Data to process:
········

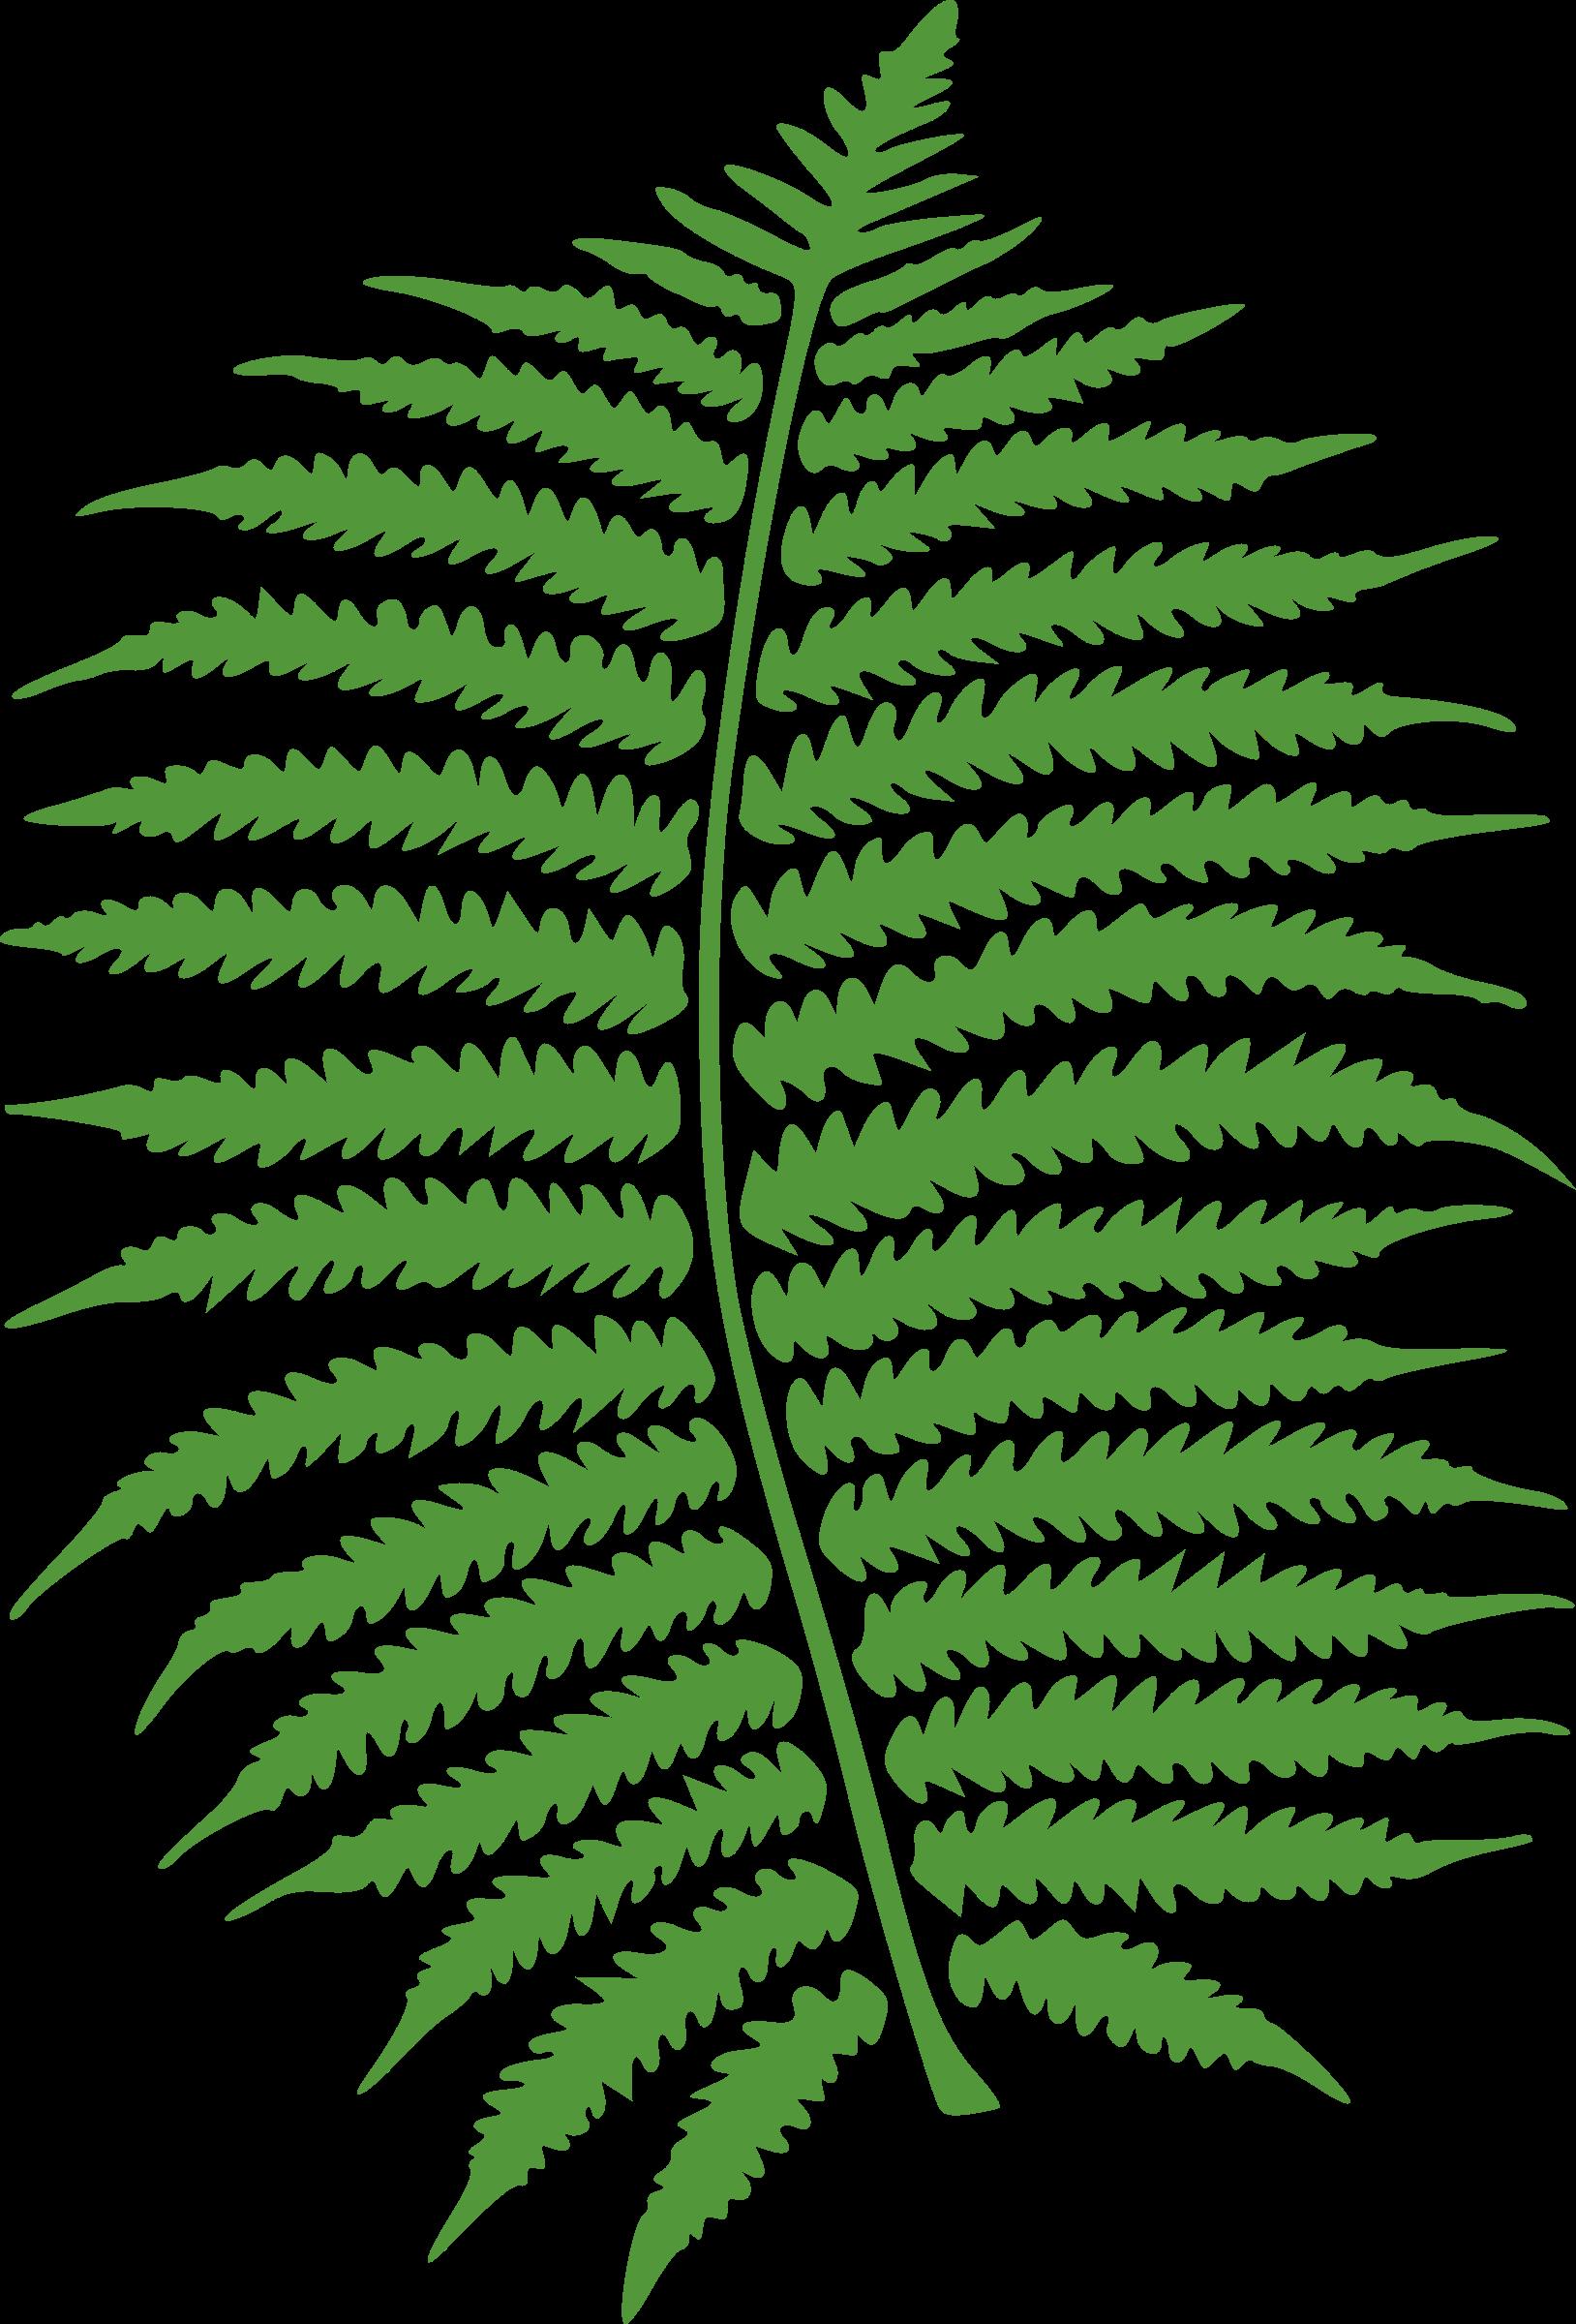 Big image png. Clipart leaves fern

········

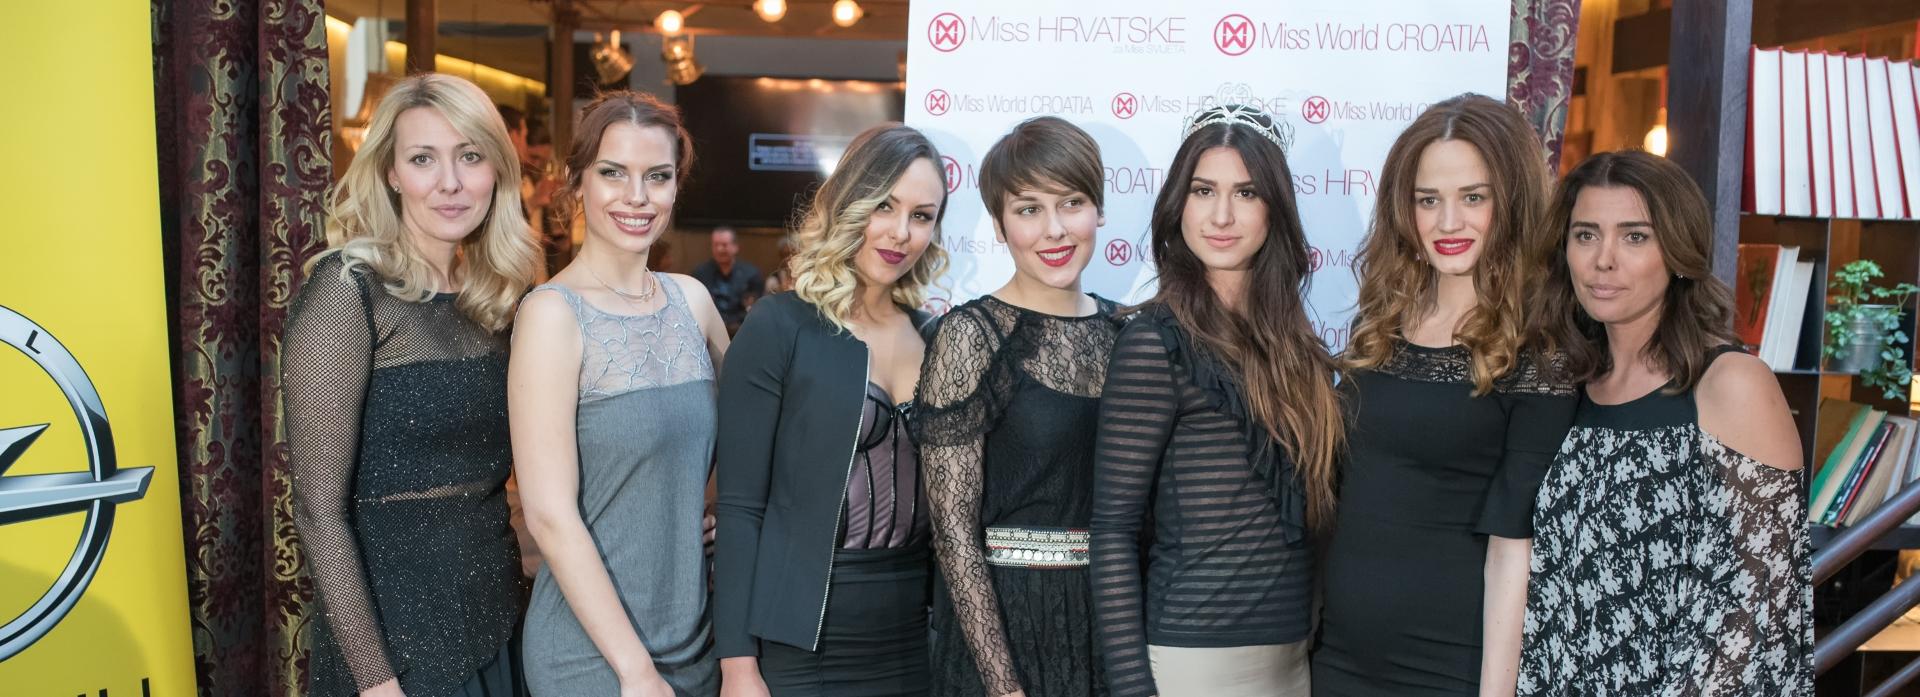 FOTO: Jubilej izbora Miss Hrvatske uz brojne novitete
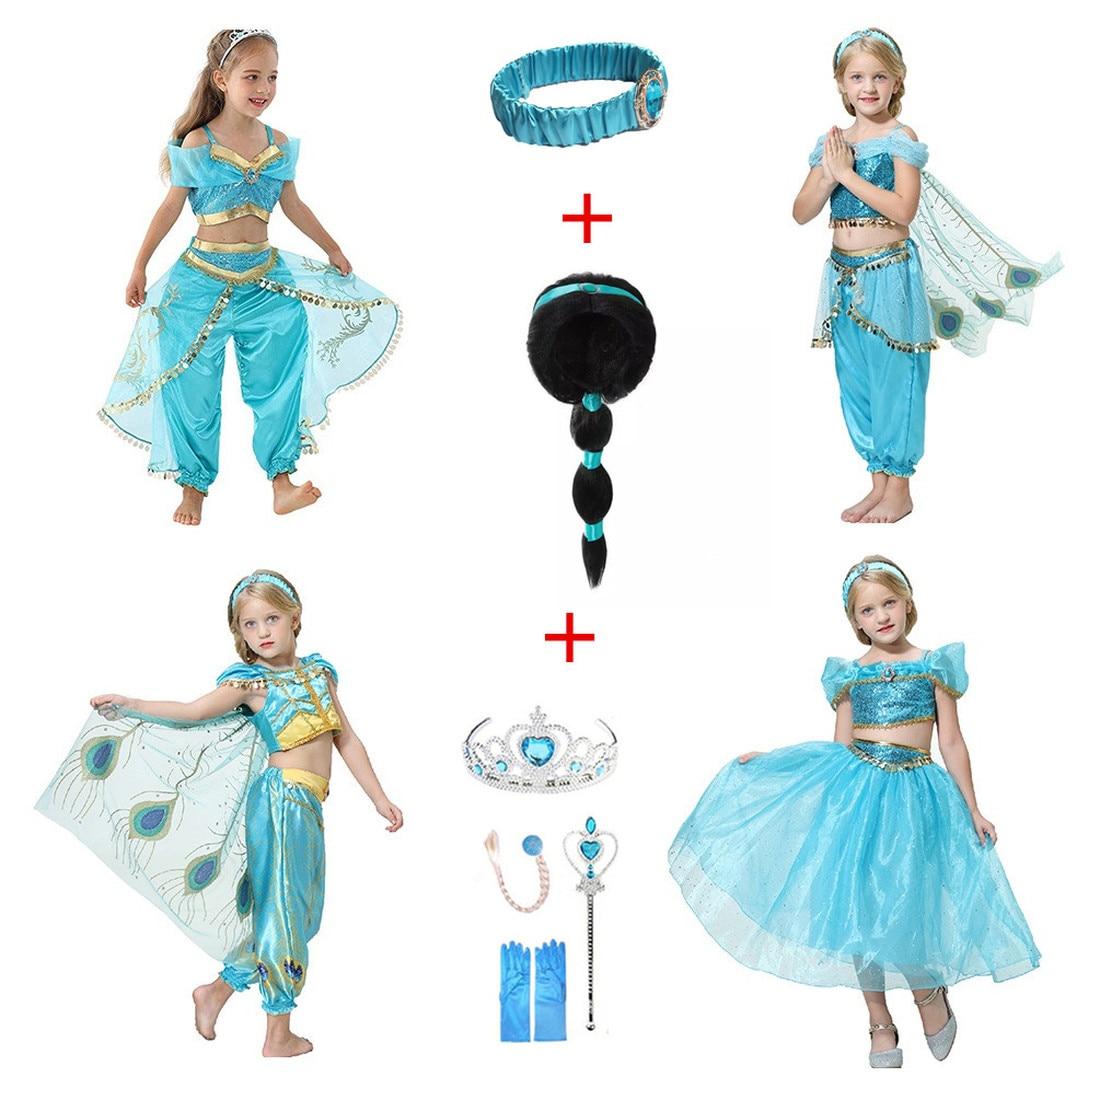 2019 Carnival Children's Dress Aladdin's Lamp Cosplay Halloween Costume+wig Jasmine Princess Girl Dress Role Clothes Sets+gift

········

The problem:
Once the line with "FOTO: Jubilej izbora" is found in the data above, reproduce it and each line after it exactly, through the line with "2019 Carnival Children's". Omit the pictures.

Solved problem:
 FOTO: Jubilej izbora Miss Hrvatske uz brojne novitete
 2019 Carnival Children's Dress Aladdin's Lamp Cosplay Halloween Costume+wig Jasmine Princess Girl Dress Role Clothes Sets+gift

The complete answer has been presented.